Jugar entre balas, entre muertes, con el olor a sangre como parte del programa de un domingo. Niños y niñas que crecen con la naturalización de estos hechos, que mientras aprenden a caminar observan las armas largas que exhiben sin pudor las fuerzas de seguridad, muchos de esos niños aprenden antes el tipo de calibre de los fierros que a leer. El espacio público de las villas sufre un control social total perfectamente similar al control que se ejerce en una cárcel. El dominio del espacio es el mismo. Hay tales horas para poder salir de la casa-celda al recreo. No se permite la reunión de más de dos personas. Allí donde haya 2 o 3 allí llegan rápidamente los robocops del subdesarrollo a maltratar, humillar y sembrar el terror. También hay un semi toque de queda, después de tal hora no se puede andar, a quien se atreva a romper esa regla, no se lo asesina (por suerte) pero se lo arresta o somete a distintas formas de tortura.

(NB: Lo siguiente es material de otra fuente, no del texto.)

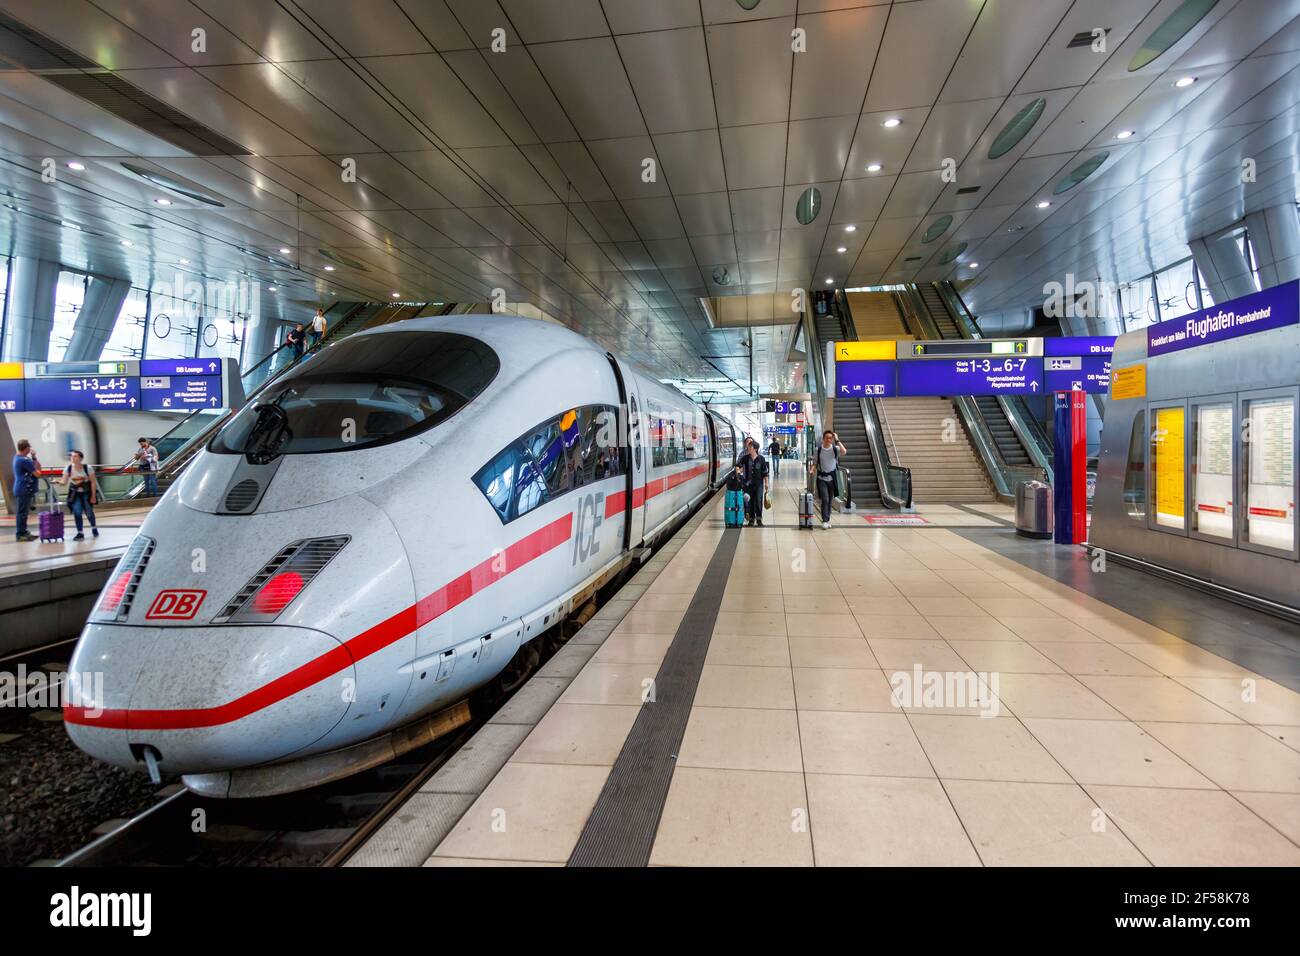 Frankfurt, Germany - May 27, 2018: ICE high speed train at Frankfurt airport railway station in Germany. Stock Photo

Pero lo peor de todo este carnaval de la represión es que una enorme cantidad de los mismos habitantes de los barrios populares que sufren estas aberraciones celebran ser castigados, aplauden la presencia permanente de los gendarmes. Incluso hay pibes que fueron torturados que me han dicho; «Pero bueno al menos el barrio ahora está más tranquilo». No suelo decir nada más cuando escucho eso. Muchas teorías burguesas de la psicología explican que lo vivido en la niñez tiene resonancias eternas sobre nuestras vidas de adultos, pero los modelos de niños con el que desarrollan sus ideas son modelos cuyo peor flagelo quizás sea la sobreprotección y que aunque no quieran tienen las necesidades humanas más elementales cubiertas; techo, comida y juguetes. Entonces ¿cuáles son las consecuencias en los adultos que atravesaron su niñez asfixiados no solo por todas las necesidades básicas ausentes sino por la experimentación concreta de la violencia por parte de las fuerzas de seguridad? ¿Cómo hablarán en el futuro todas estas imágenes que mi hija a los seis años de vida ya tiene cargadas en su ser?